AGENTS.md TemplatesAGENTS.md Template

AGENTS.md Template for Observability Architecture

Copyable AGENTS.md Template for observability architecture guiding AI coding agents, multi-agent orchestration, and tool governance.

AGENTS.md TemplateAI coding agentsobservabilitymulti-agent orchestrationagent handoffstool governancehuman reviewobservability architecturetelemetrySRE automation

Target User

Developers, platform teams, SREs, and engineering leaders designing observability architecture with AI agents

Use Cases

  • Define agent roles for observability architecture
  • Coordinate multi-agent workflows for telemetry collection, correlation, alerting, and remediation
  • Establish governance and handoffs between agents and human reviewers

Markdown Template

AGENTS.md Template for Observability Architecture

# AGENTS.md

Project role
- Observability Architect leading AI-driven telemetry collection, correlation, alerting, and remediation in production.

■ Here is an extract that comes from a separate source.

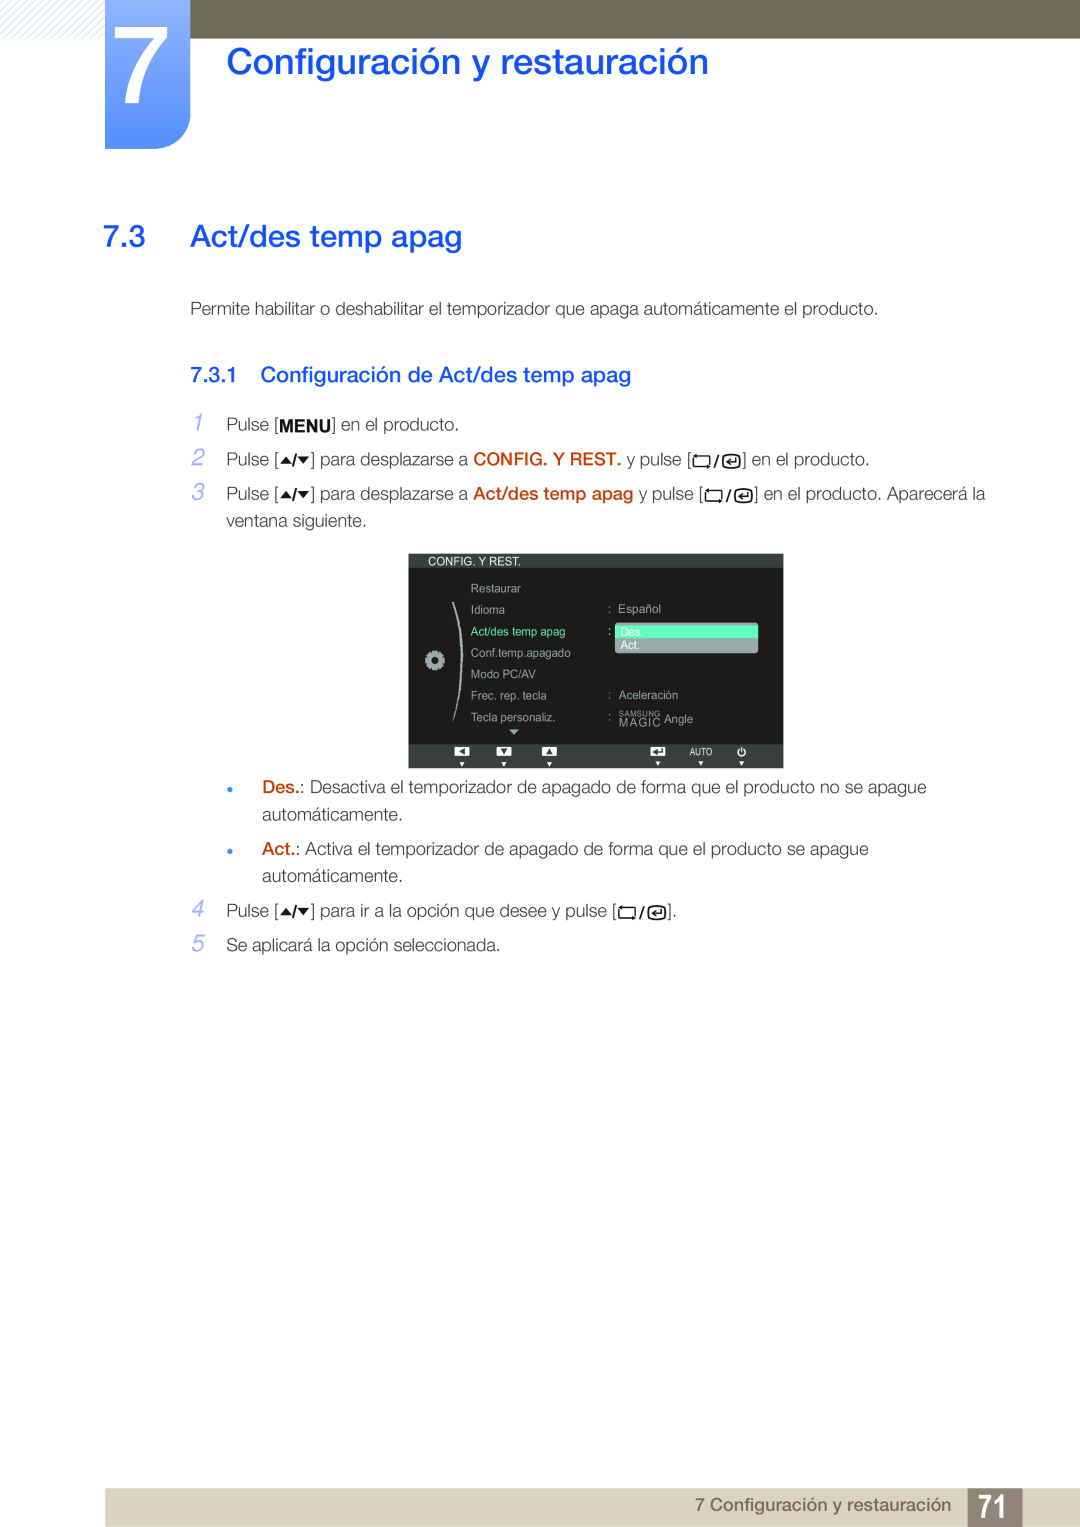 Samsung LF22TSWTBDN/EN manual 7.3 Act/des temp apag, Configuración de Act/des temp apag, Configuración y restauración 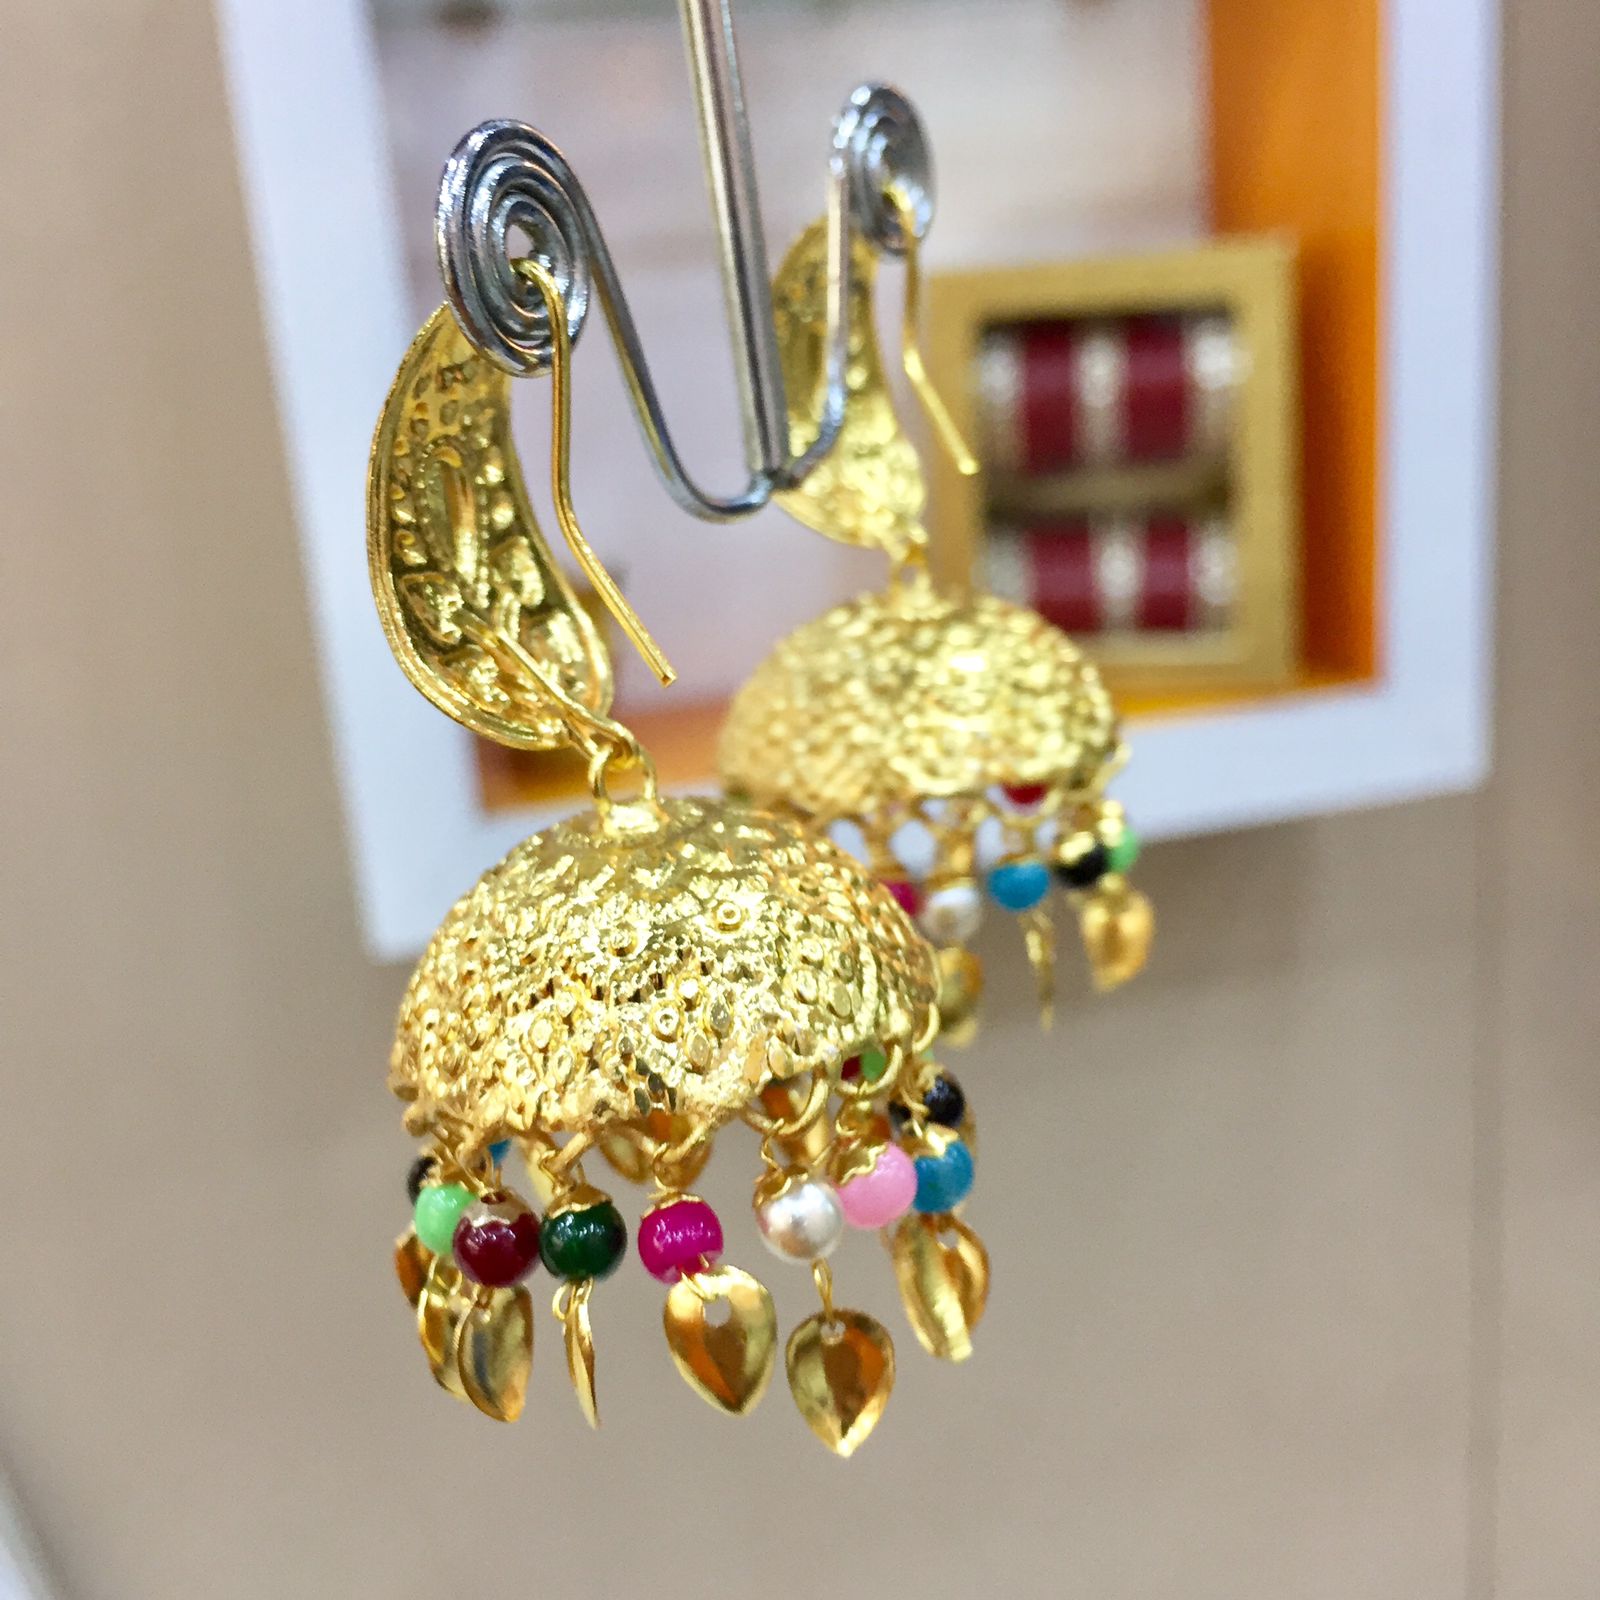 Antique earrings - Vijay & Sons

Agent roster and responsibilities
- PlannerAgent: defines the observability workflow, sources, run cadence, and handoff points.
- TelemetryCollectorAgent: collects traces, metrics, and logs from configured sources.
- CorrelationAgent: correlates telemetry across services, namespaces, and environments.
- AnomalyDetectorAgent: detects drift or anomalies in traces, metrics, and logs.
- AlertRouterAgent: routes alerts to on-call tooling and human reviewers.
- RemediationAgent: triggers safe remediation actions (e.g., non-destructive flags, feature toggles, rollback hooks).
- ReviewerAgent: validates outputs, ensures governance policies are obeyed.
- DataValidationAgent: verifies data quality, schema conformance, and lineage.
- DomainSpecialistAgent: provides domain-specific rules and SLIs/SLOs for the service under observation.

Supervisor or orchestrator behavior
- Orchestrator maintains global memory, ensures idempotence, and enforces run-id-scoped state across agents.
- Enforces dependency order, backoff, and retry limits; halts on policy violation or critical errors.
- Logs all decisions and data access to a centralized memory store for traceability.

Handoff rules between agents
- PlannerAgent defines next tasks and passes context (run-id, sources, and goals) to TelemetryCollectorAgent.
- TelemetryCollectorAgent gathers data and forwards to CorrelationAgent with lineage information.
- CorrelationAgent passes context to AnomalyDetectorAgent and DataValidationAgent.
- If anomalies are detected, AlertRouterAgent is engaged; RemediationAgent may be invoked if approved.
- All outputs are reviewed by ReviewerAgent before final deployment or alert changes.

Context, memory, and source-of-truth rules
- Central memory store holds run state keyed by run-id; data producers are the sources of truth for telemetry.
- Outputs must cite data sources; lineage must be preserved across handoffs.
- Confidential data is never written to the shared memory in plaintext.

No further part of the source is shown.